Analyzing leading causes of death by ethnicity, Williams outlines heart diseases and cancer as predominant concerns for everyone. She emphasized three strategies for eliminating health disparities: appreciate, aggregate and train the next generation.

Her first strategy, appreciation, emphasizes the importance of acknowledging where we obtain our data from. She said this is vital to creating a learning health system, which shares data from patient experiences back to clinicians, families and executives to help improve health equity.

Williams emphasized the effectiveness this strategy had during the COVID-19 pandemic, during which people began sharing medical data at rates they’d never done so before.

“You probably posted a picture of you with a Band-Aid on like, ‘I got my first shot. I got my second shot,’” she said. “All of a sudden, we were just excited to share our health data in a way that we hadn’t before as a country and as a world.”

She explained that being willing to share this data can help others see the power of getting vaccinated, by showing the data and proportions of who was positively versus negatively affected.

Her second proposal, aggregate, involves building partnerships in the face of complex challenges, particularly between patients and practitioners, and giving patients the authority and power to take ownership of their data. This not only builds trust between both parties but also helps patients better understand their health conditions, which Williams explained through an anecdote with her father.

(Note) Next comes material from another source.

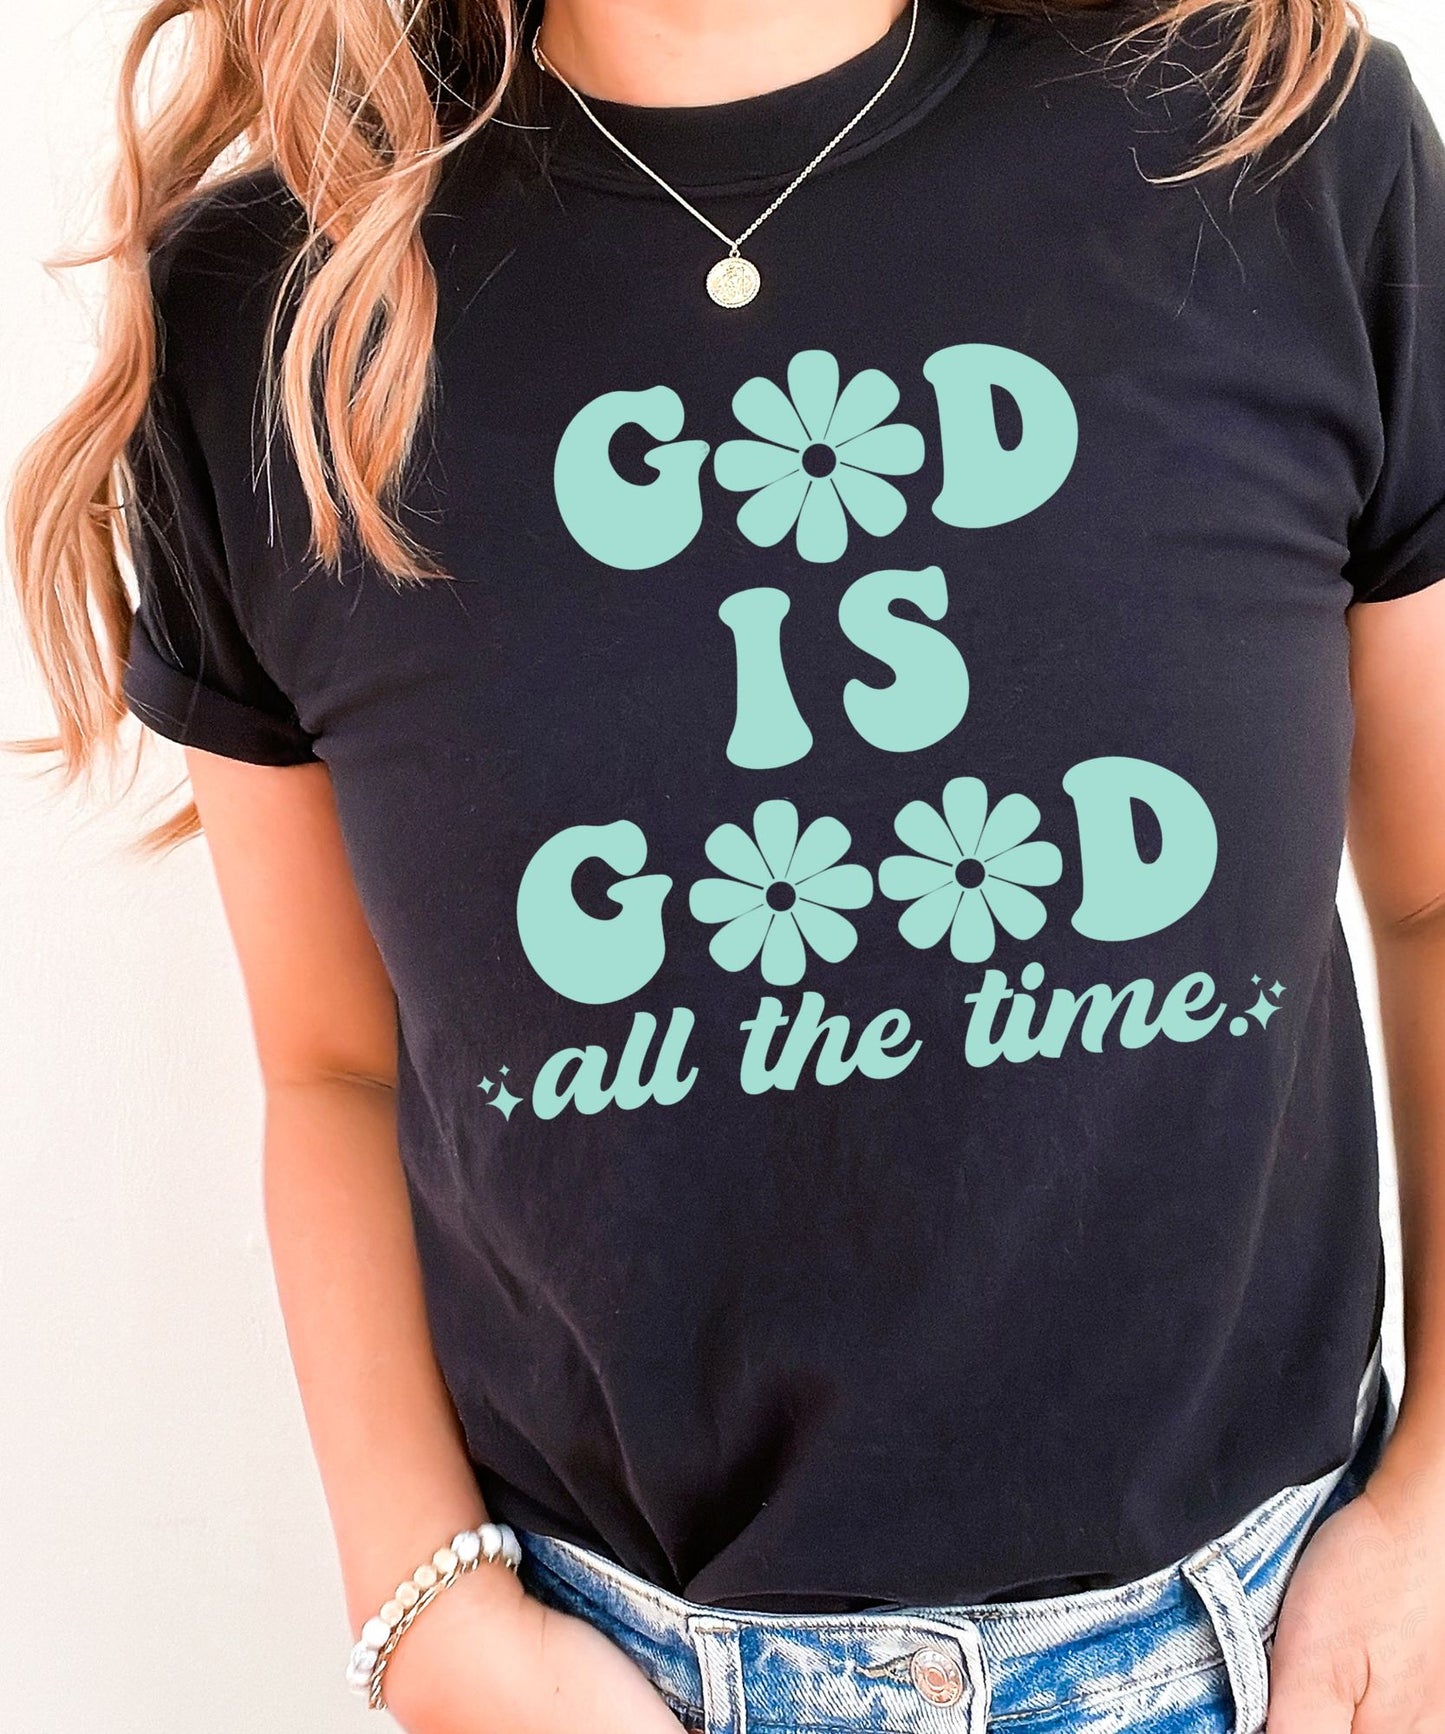 RTS - God is good all the time  - ADULT SCREEN PRINT TRANSFER
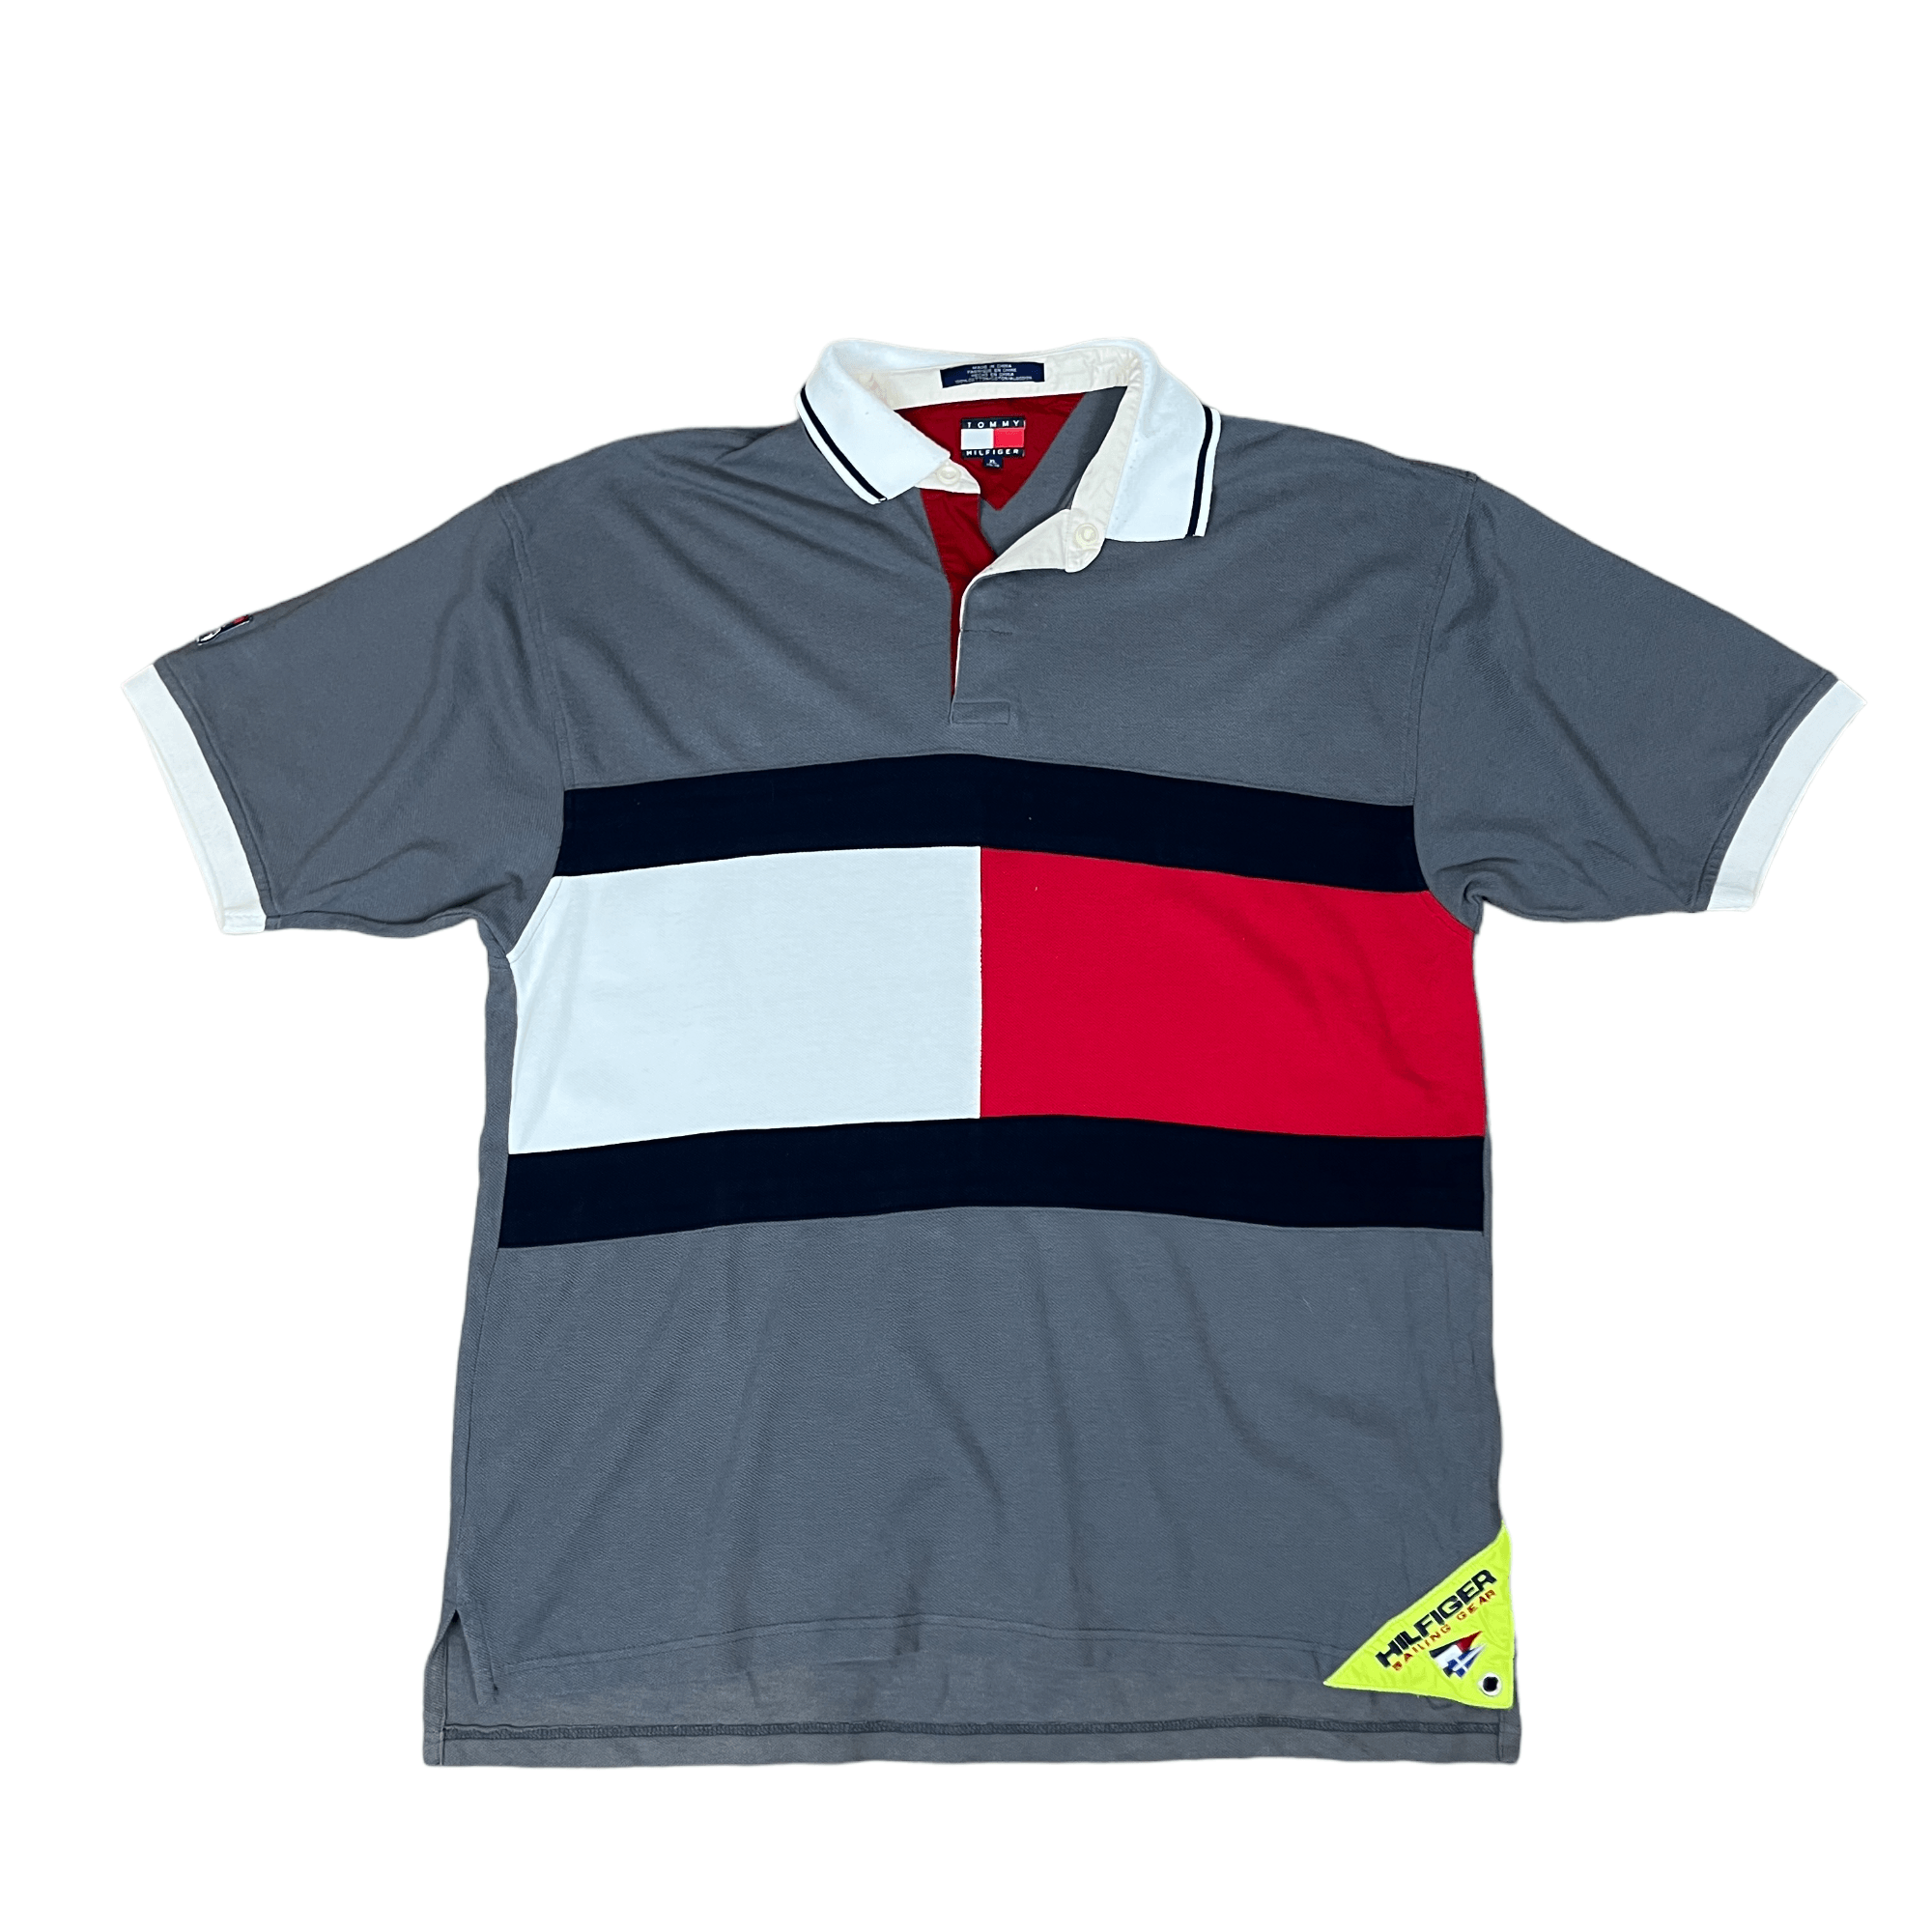 Vintage Grey Tommy Hilfiger Sailing Gear Polo Shirt - Extra Large - The Streetwear Studio

“Because of what this Black doctor said, who wasn’t even his primary care physician, … [my] dad had us bringing him fruit smoothies every day and making sure he was eating healthy,” she said. “We really didn’t expect it and it had to do with him changing his diet because of his interaction with the doctor. And so that personal connection is really important because at 80-something years old, he’s changing his whole perspective about health and about food because of this connection he had made.”

Along with building stronger connections with medical personnel, Williams also believes helping everyone better understand the reasoning behind medical decisions will help eliminate health disparities. She believes it is important to encourage Americans, especially women of color, to break into STEM fields which they have historically been excluded from. She hopes that this will allow more people to understand the mathematical reasoning and studies behind modern vaccines and enhance the patient’s medical decision-making.

She highlighted how the lack of inclusion in STEM fields may have led to less motivation to get vaccinated in the past.

“As [the past] generation has come up and now we say ‘Here’s a vaccine we want you to take,’ they’re like ‘I don’t know, I don’t trust it because I was not a part of the science. I wasn’t a part of the mathematical decision-making because I’ve been pushed out of those disciplines,’” she said.

She also explained that not everyone needs to be studying science to receive more equitable healthcare.

“It’s not that I’m trying to convert them to all majors in engineering, or [that] I need them to be mathematicians,” Williams said. “I just need them to know that they can, and to know that it’s an option for them no matter what they do.”